### Exercise requirements
Copy the data that follows exactly. Include no pictures.

### Data
%%
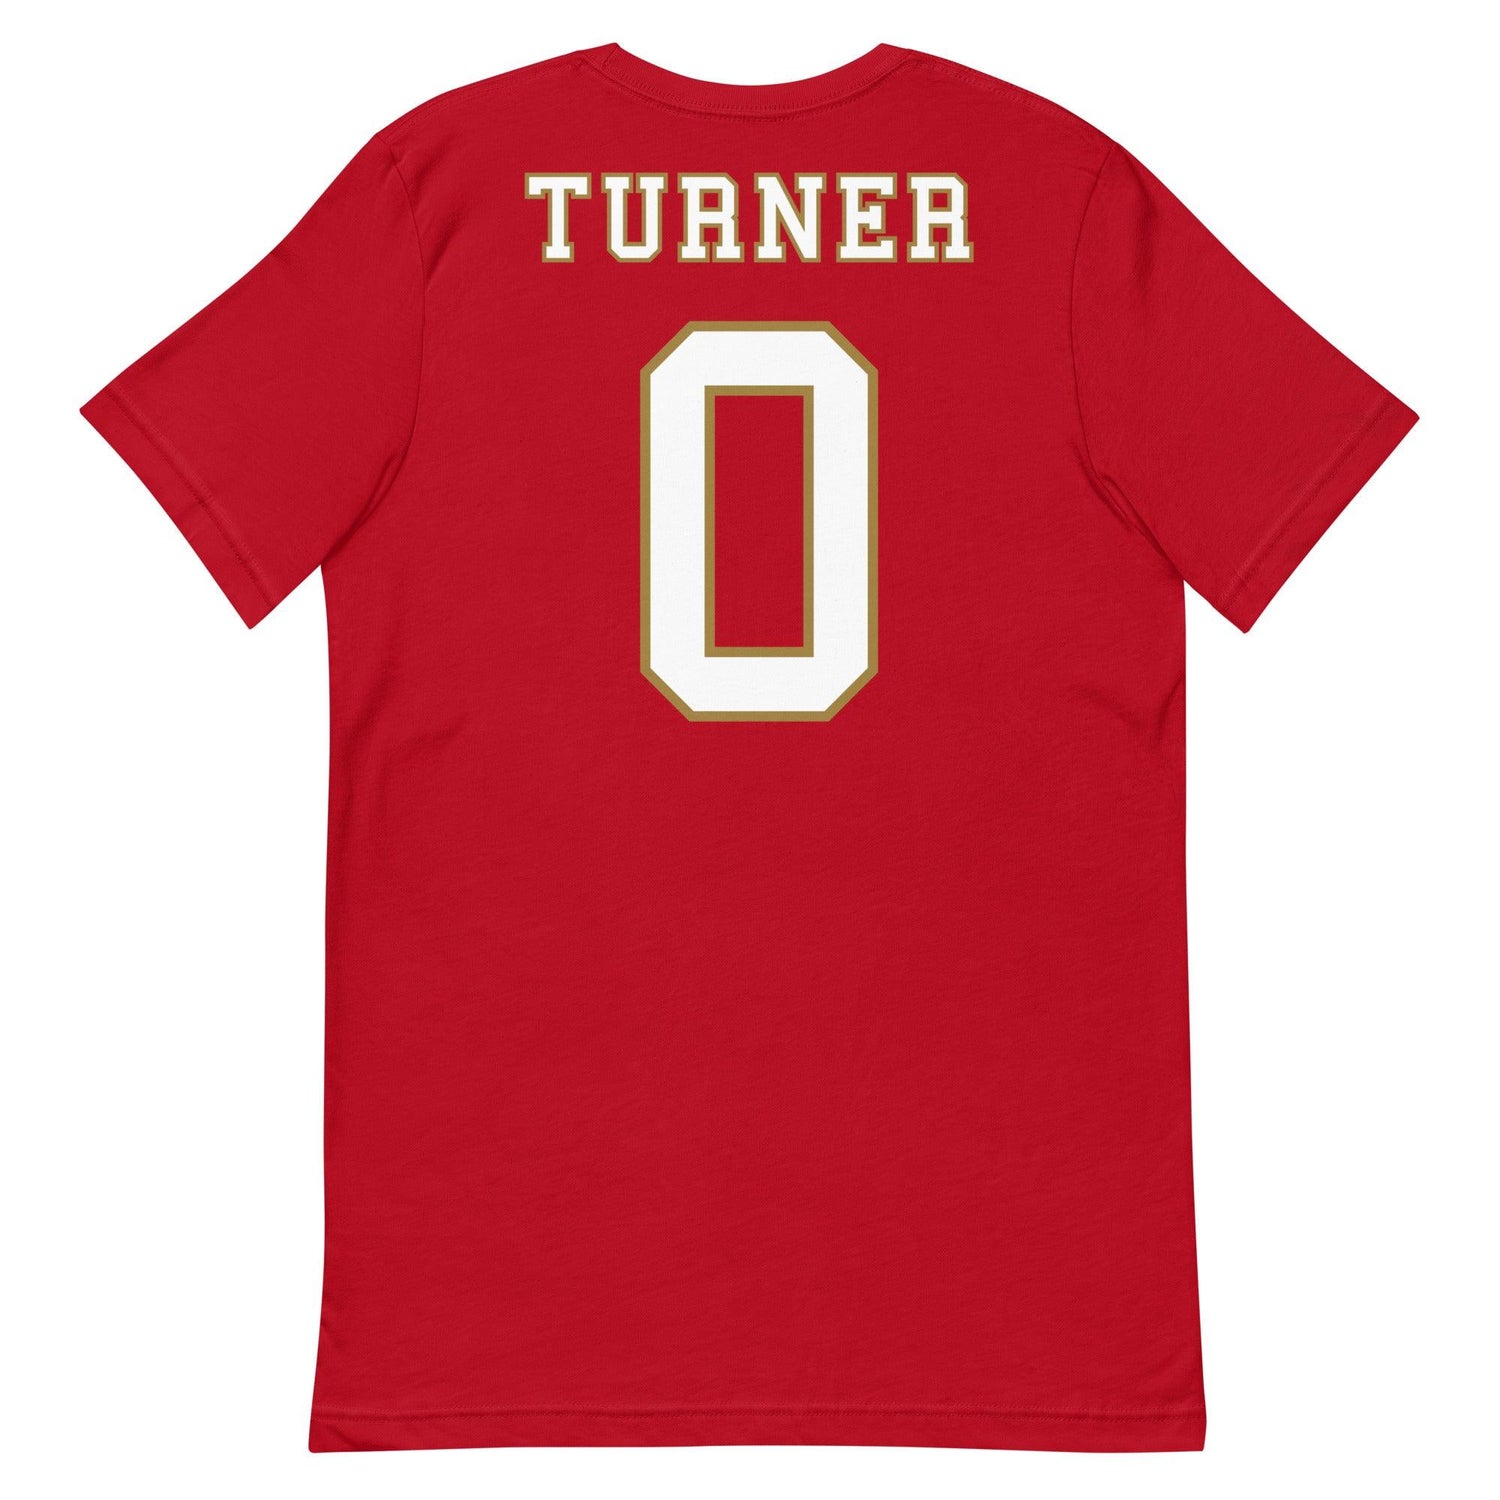 Christian Turner "Jersey" t-shirt - Fan Arch
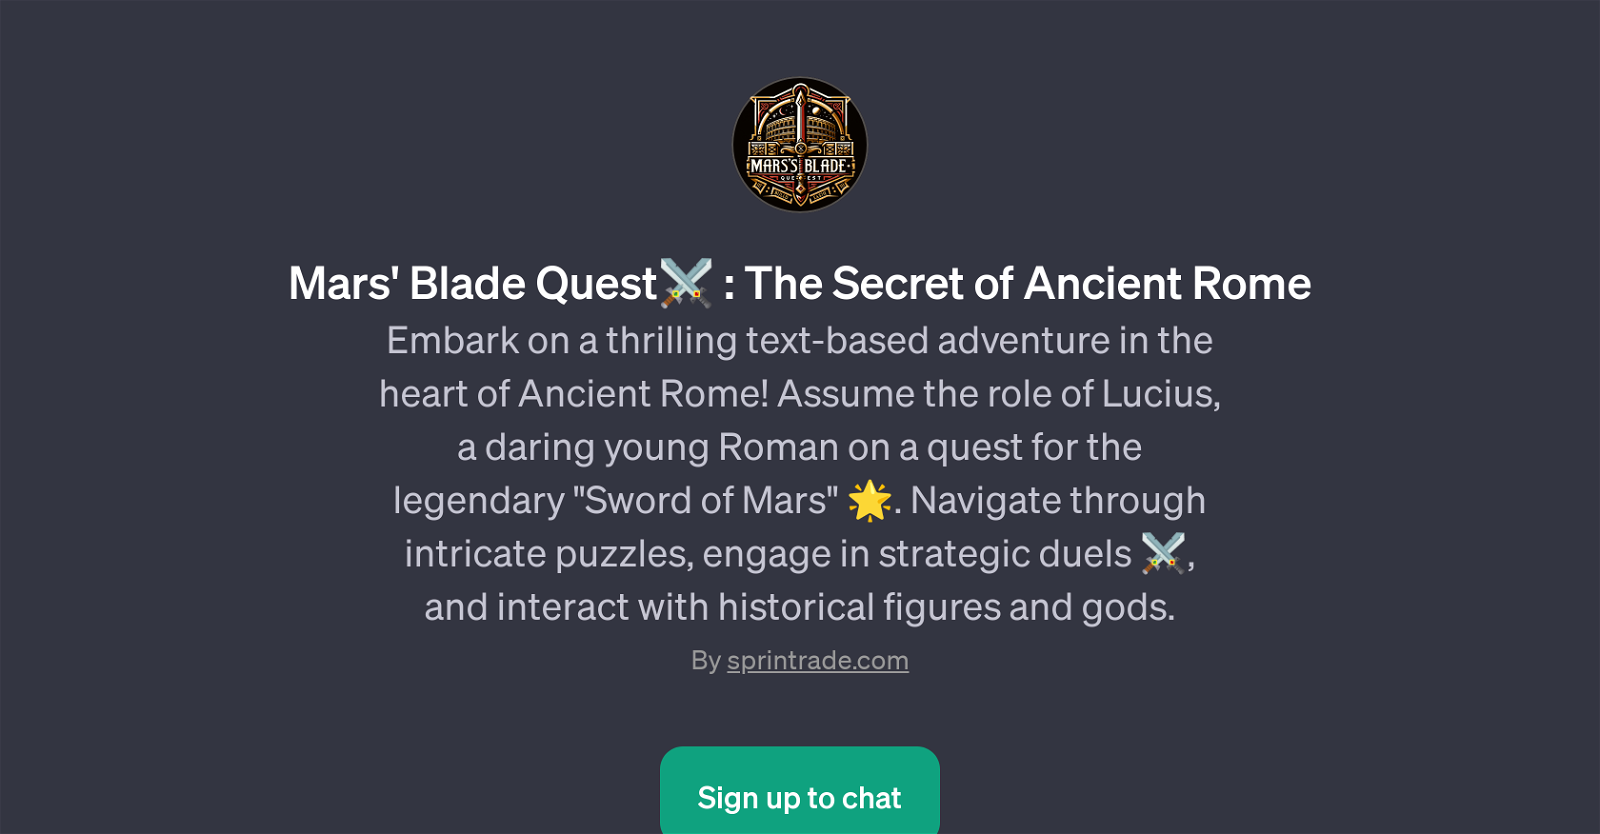 Mars' Blade Quest: The Secret of Ancient Rome website
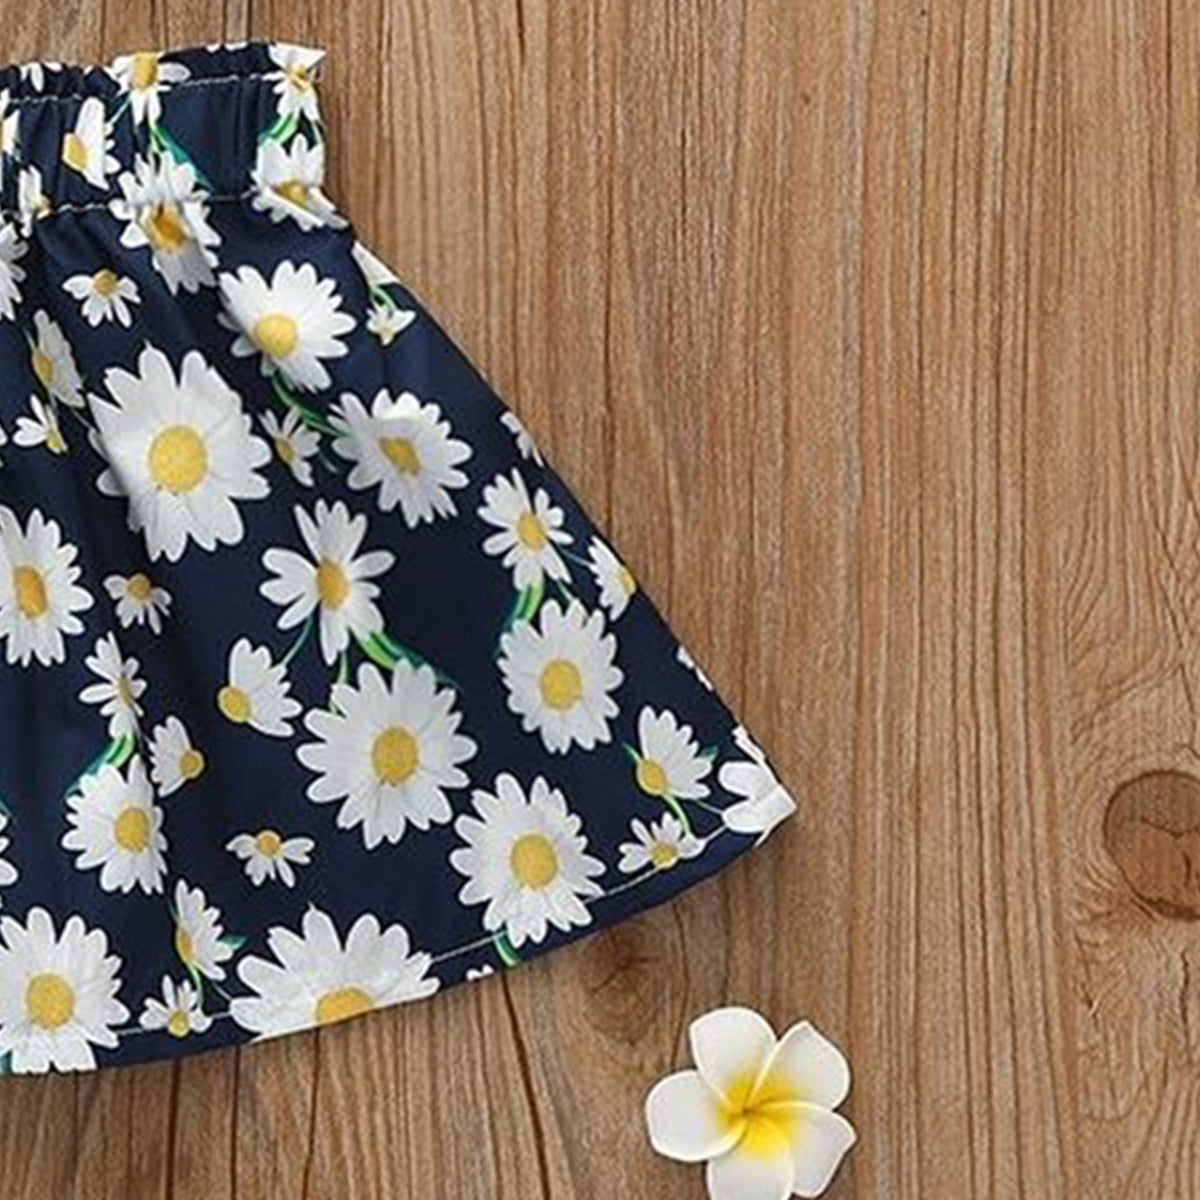 Venutaloza Toddler Girls Floral Print Elastic Waist Skirt.,
%%
### Response
 Christian Turner "Jersey" t-shirt - Fan Arch
 Mars' Blade Quest: The Secret of Ancient Rome website
 Venutaloza Toddler Girls Floral Print Elastic Waist Skirt.,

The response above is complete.